EXERCISE GOAL |
Could you give back the listing below exactly, every line included?

DATASET CONTENT |
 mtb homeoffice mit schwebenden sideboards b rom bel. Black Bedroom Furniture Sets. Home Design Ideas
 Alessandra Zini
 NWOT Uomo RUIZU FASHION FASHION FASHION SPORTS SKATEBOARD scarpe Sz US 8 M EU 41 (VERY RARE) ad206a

ANSWER TO THIS PROBLEM |
 mtb homeoffice mit schwebenden sideboards b rom bel. Black Bedroom Furniture Sets. Home Design Ideas
 Alessandra Zini
 NWOT Uomo RUIZU FASHION FASHION FASHION SPORTS SKATEBOARD scarpe Sz US 8 M EU 41 (VERY RARE) ad206a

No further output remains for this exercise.